Non tutti sanno che ad opporsi strenuamente da mesi a questa svolta è, insieme a Gran Bretagna, Svizzera e Canada, la Commissione Europea la quale, in alternativa, ha proposto che delle «licenze volontarie per il trasferimento di tecnologie alle aziende nei Paesi del Sud del mondo» venga effettuata dalle multiazionali farmaceutiche «in cambio di abolizione delle restrizioni commerciali, abbattimento delle barriere doganali, facilitazioni fiscali. Così i monopoli sono salvi» (N. Dentico, Covid. Vaccini. La Terza via dell’Europa mette all’angolo i Paesi poveri, su «Avvenire» 27 novembre 2021). 

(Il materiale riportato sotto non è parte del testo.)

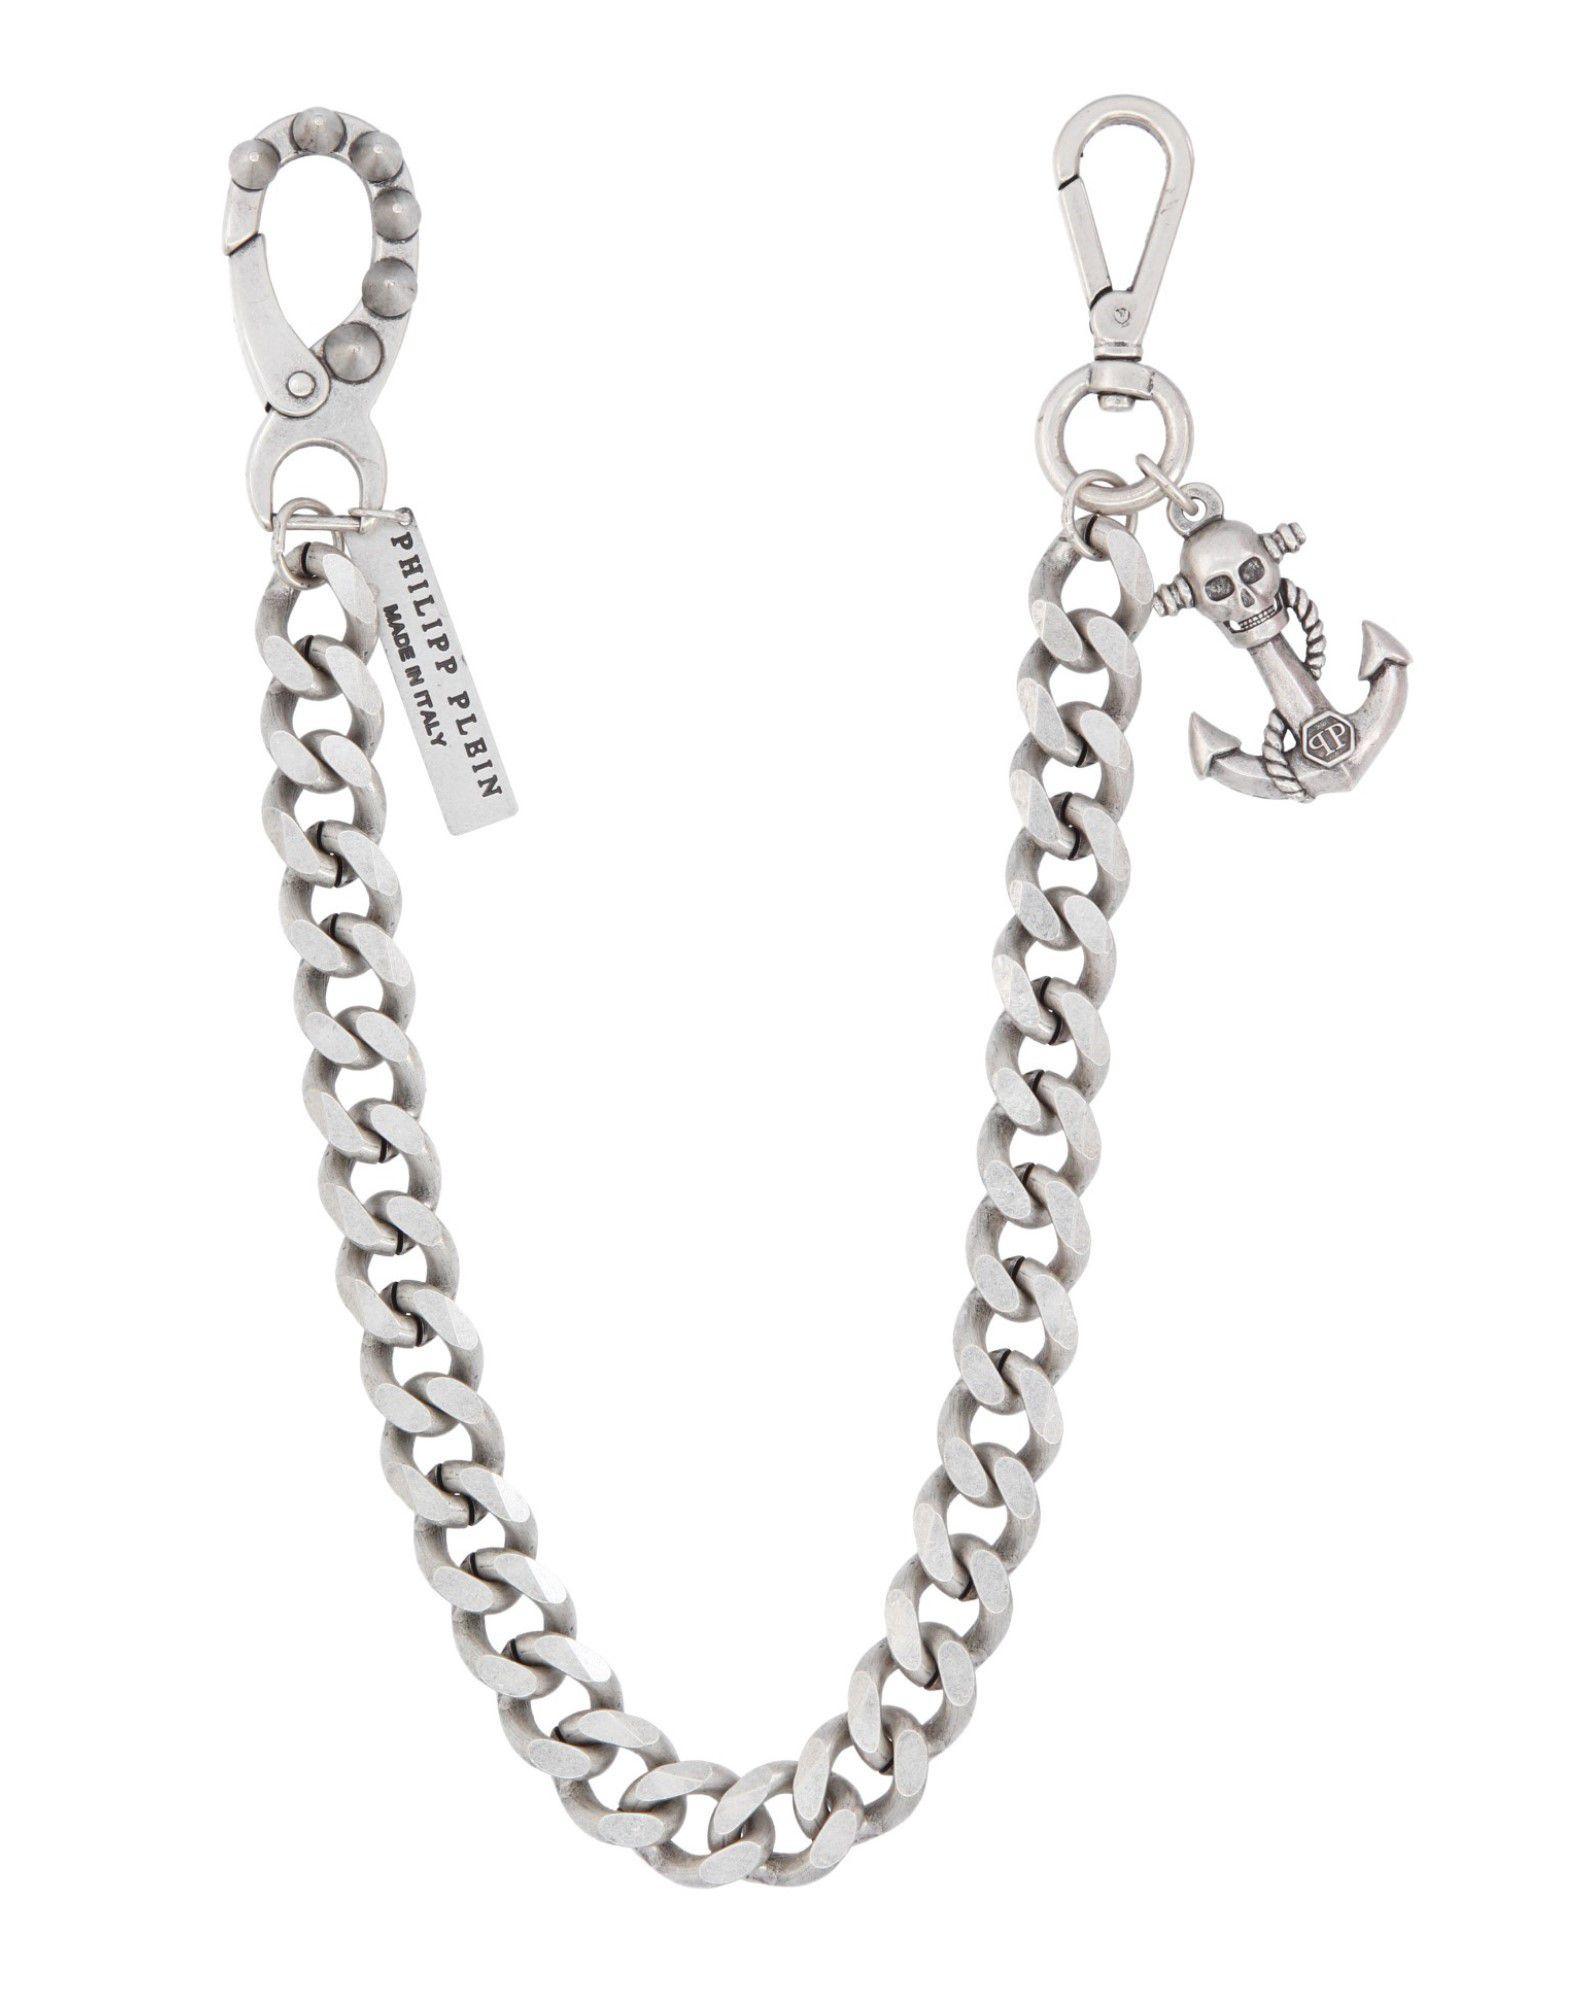 PHILIPP PLEIN Брелок для ключей брелок для ключей сердечко русские подарки брелок для ключей сердечко

E questo mentre la stessa Commissione elaborava delle linee-guida, poi ritirate, in cui, per combattere ogni forma di discriminazione, si chiedeva ai suoi dipendenti di  attenersi ad un «linguaggio inclusivo»,  da cui bandire  nomi propri come Maria e Giovanni, perché presenti nella Bibbia, ed espressioni come “buon Natale”, da sostituire con “buone festività”, per rispetto alle culture non cristiane. Come se l’inclusività potesse realizzarsi annullando le differenti identità, invece che trattandole tutte con un rispetto che include la solidarietà.

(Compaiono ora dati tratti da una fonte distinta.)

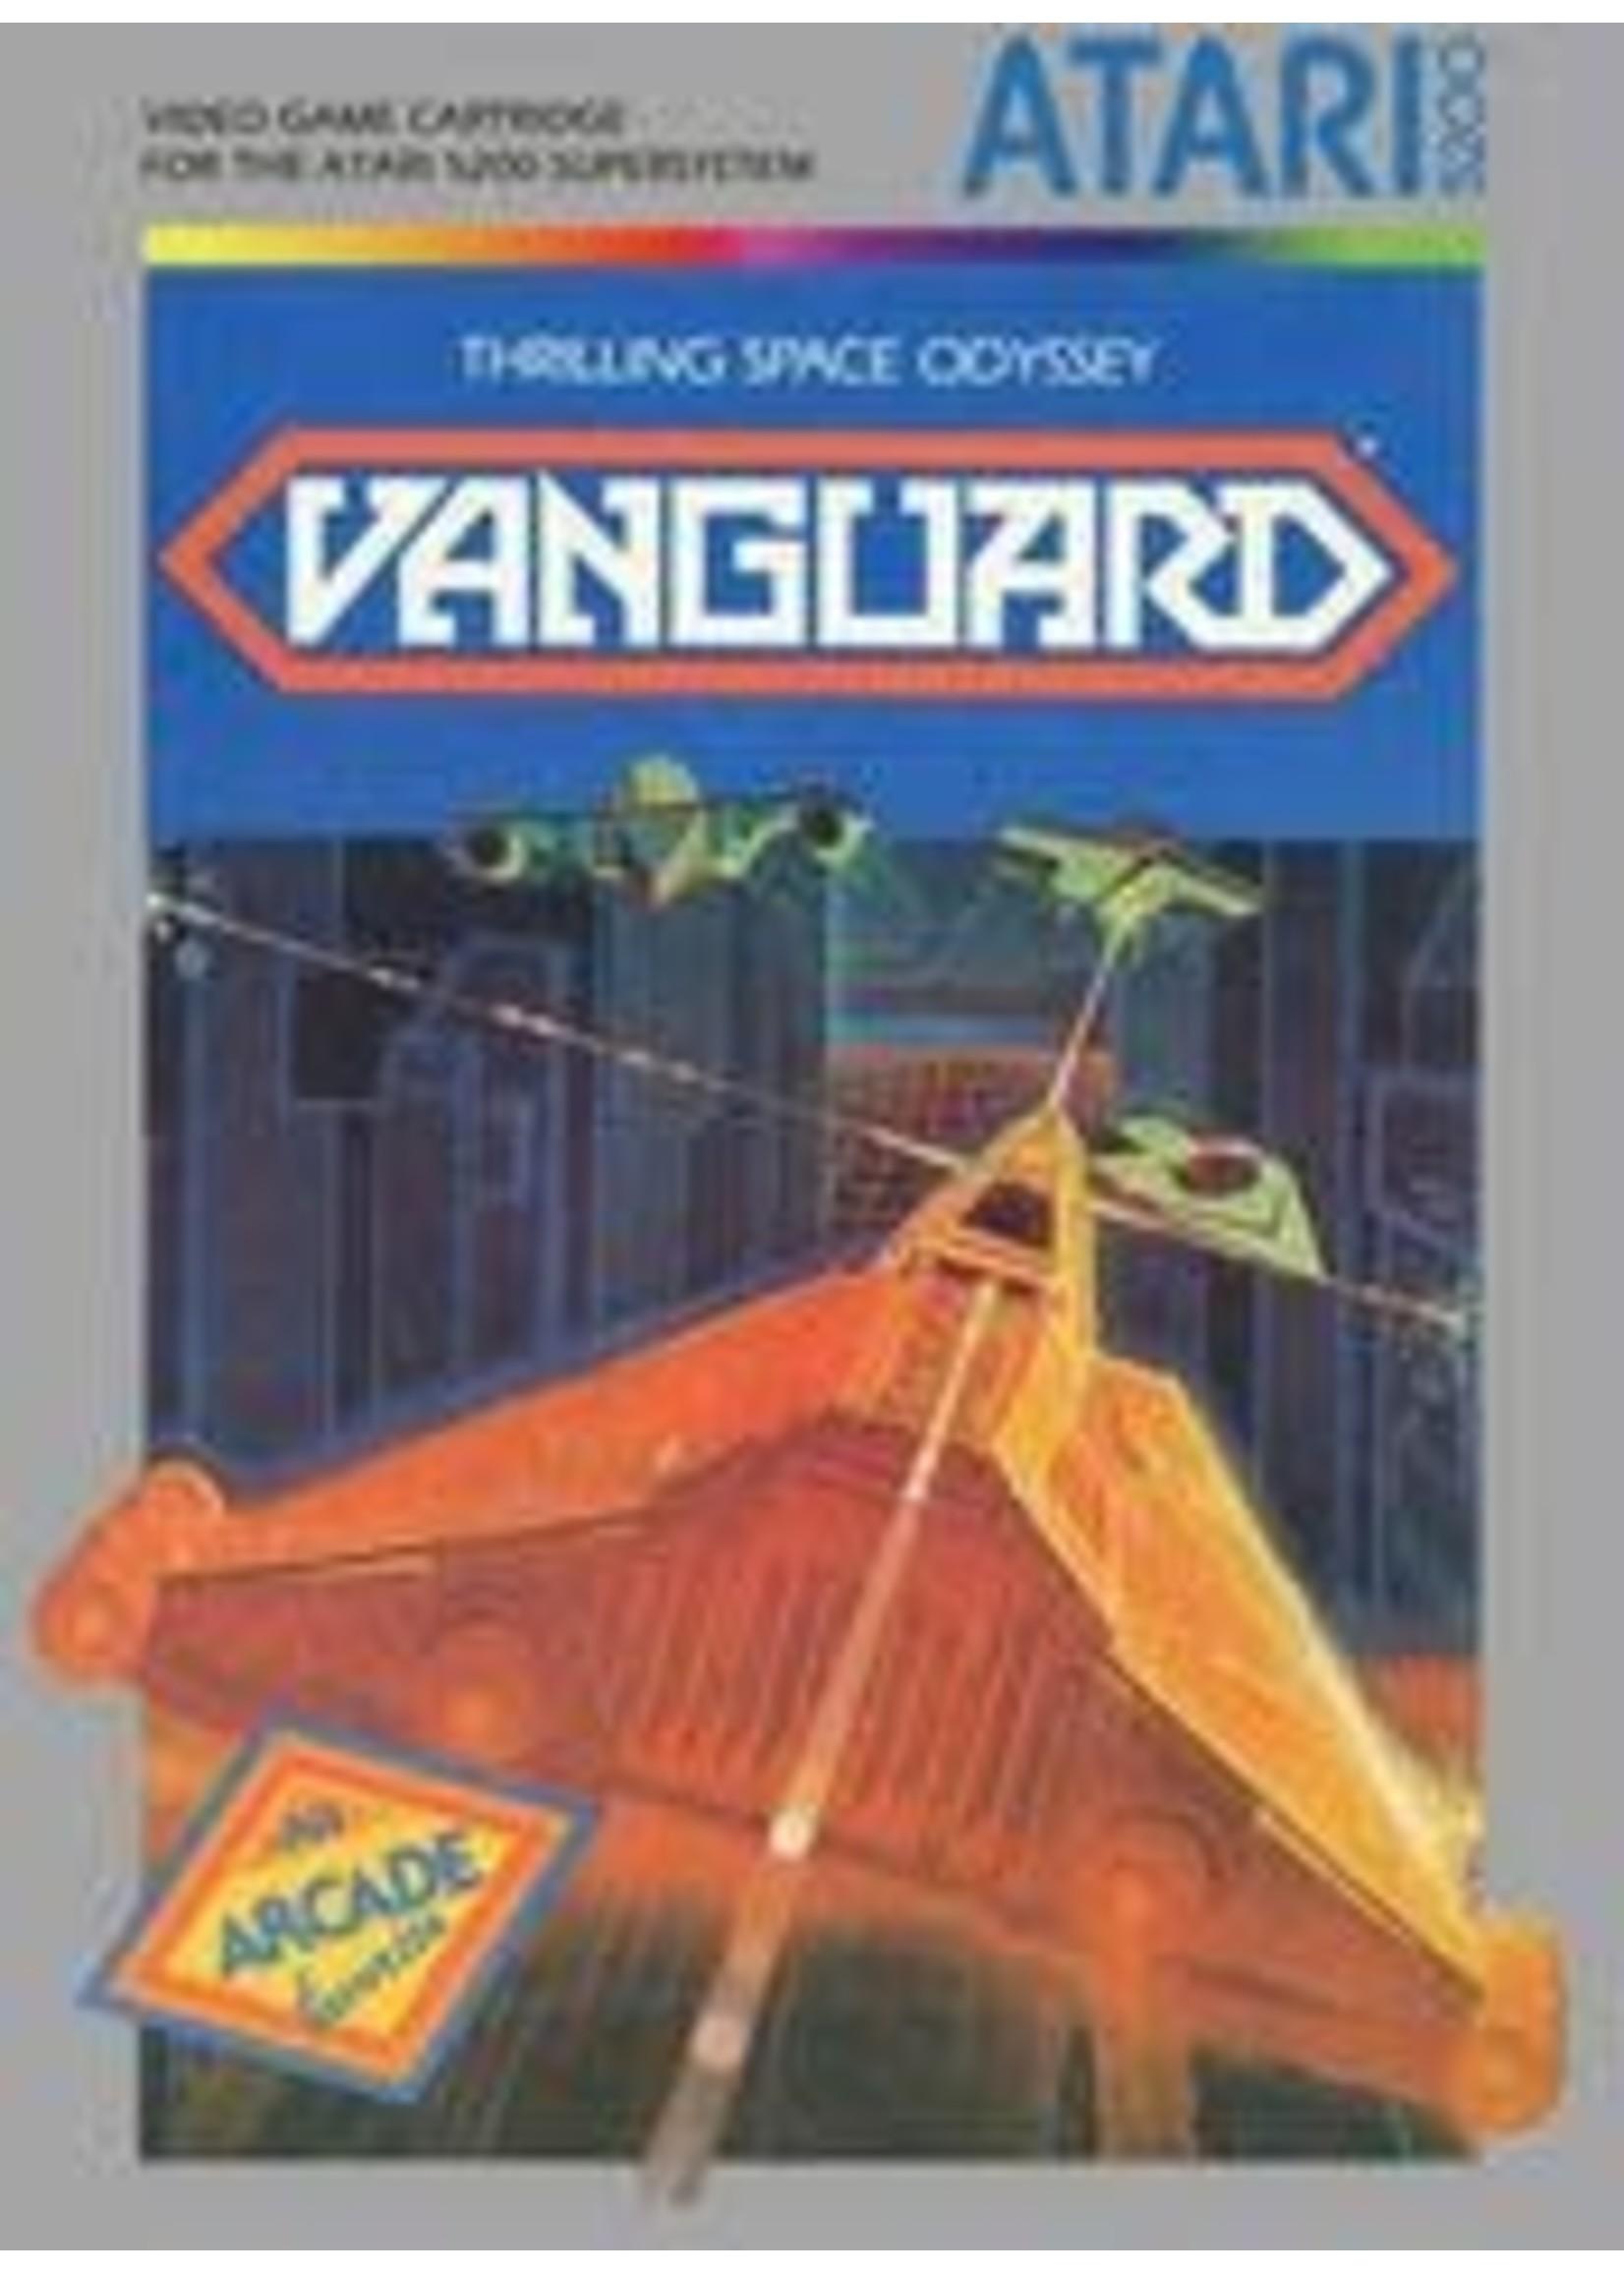 Vanguard Atari 5200

Vecchia, ipocrita Europa senza più anima - un tempo cristiana e ora neppure umana! Altro che spirito di fraternità! Certo, la tristezza per questa perdita non può e non deve far dimenticare tanti meriti che, malgrado tutto, la rendono preziosa e che continuano ad alimentare la speranza di una sua rinascita. Peraltro, quello  che il Natale richiederebbe non è un buonistico altruismo, ma la cura intelligente del suo stesso bene. Come è evidente nel caso dei vaccini. Gli immunologi sostengono che le varianti nascono e proliferano laddove la campagna vaccinale stenta a decollare. L’affacciarsi della versione omicron del covid, devastante per tutti,  è dunque anche una conseguenza  di questo miope egoismo dell’Occidente che, come tutti gli egoismi, alla fine non paga.

5. La festa di Dio è quella dell’uomo

Il “muro” che divide i Paesi ricchi da quelli poveri in tema di vaccini è solo un caso dei tanti, tutti drammatici sul piano umano, di cui le cronache di queste settimane sono piene. Basti pensare al dramma dei migranti ammassati alla frontiera tra Bielorussia e Polonia, o a quello dei profughi di Lesbo, in riferimento a cui papa Francesco ha parlato di un «naufragio di civiltà»…

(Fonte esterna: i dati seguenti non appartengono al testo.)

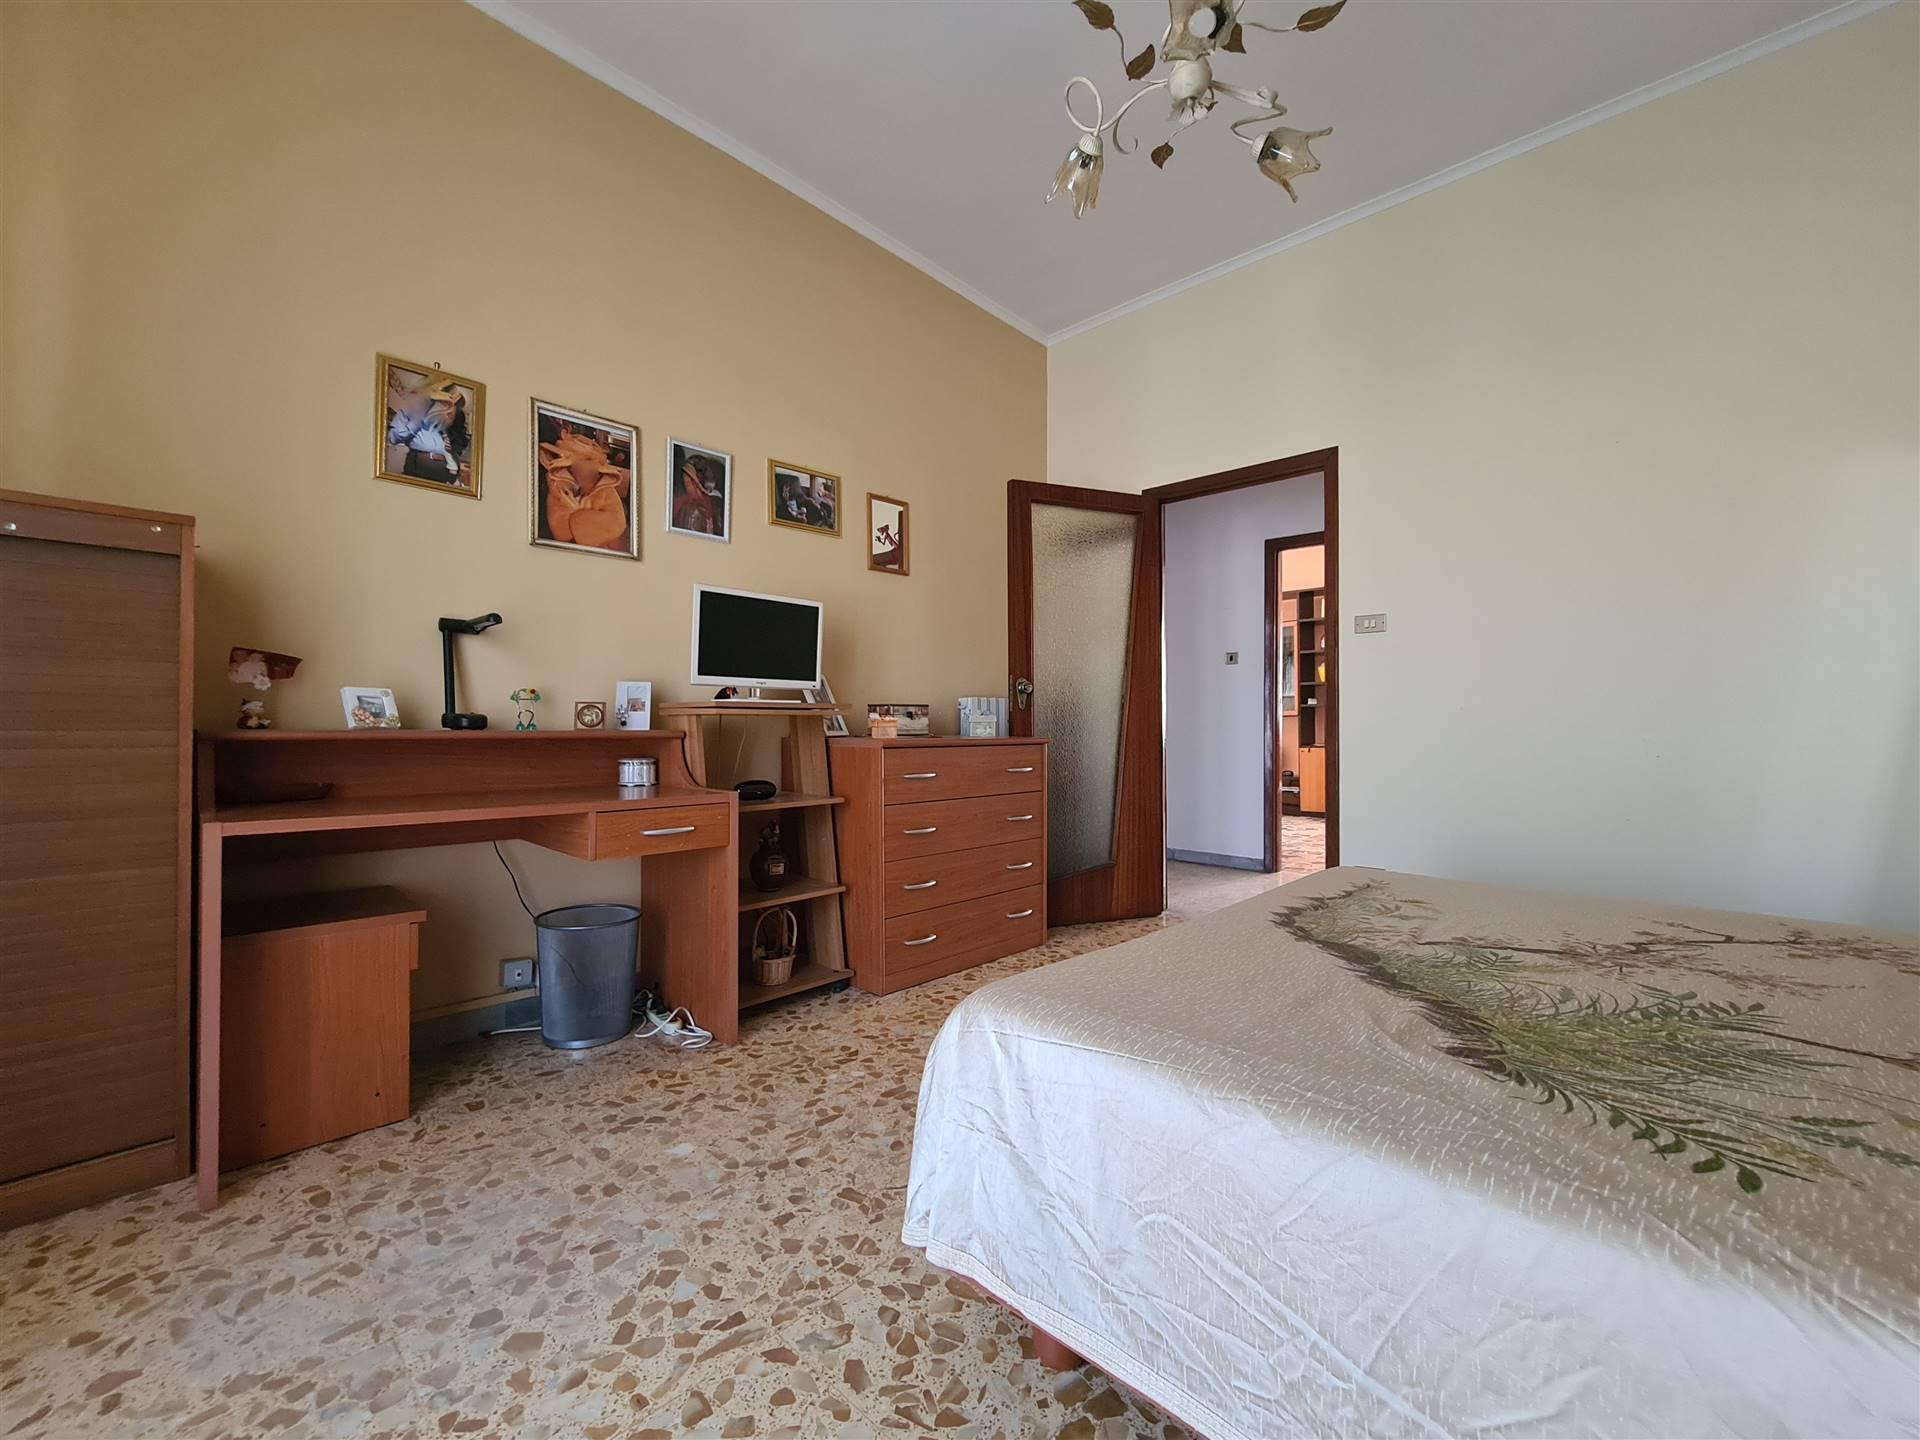 AV924B-Appartamento-SANTA-MARIA-CAPUA-VETERE-Via-Luigi-de-Michele

Il rinnegamento delle sue radici cristiane da parte dell’Europa, in ogni caso, non le stia portando fortuna. Si può non credere nel vangelo per fede, ma esso per secoli ha dimostrato la capacità di evidenziare i valori dell’umano  (magari anche contro la Chiesa istituzionale, che è stata sempre più lenta a riconoscerli). La fraternità è uno di questi valori, come papa Francesco, nella sua enciclica «Fratelli tutti»,  ha voluto sottolineare. Il Natale ne è un simbolo eloquente.

Resta, per chi è aperto all’ascolto, il richiamo del messaggio cristiano ad un evento che non si presenta  solo come un episodio del passato, di cui fare memoria, al pari della presa della Bastiglia o della proclamazione della Repubblica italiana, ma come una prospettiva di senso che può illuminare il futuro.  Che Dio abbia voluto diventare uomo, che abbia condiviso la vita di ogni essere umano, specialmente dei più poveri,  è una verità difficile da credersi – lo “spaventato”, colpito dalla follia per quello che accadeva, in fondo è l’unico personaggio del presepe che abbia realizzato l’inconcepibilità di ciò che stava accadendo - , ma sicuramente carica di significato. Alla luce del Natale, in ogni persona è possibile riconoscere il Suo volto divino: «In verità io vi dico: tutto quello che avete fatto a uno solo di questi miei fratelli più piccoli, l'avete fatto a me»» (Mt 25,40).  Questa è la festa Dio, ma anche quella dell’uomo, soprattutto di chi è povero e debole.

Per questo, forse, al di là del discutibile intento dichiarato, aveva una sua logica l’idea della Commissione Europea di cancellare ufficialmente dal suo vocabolario il termine “Natale”.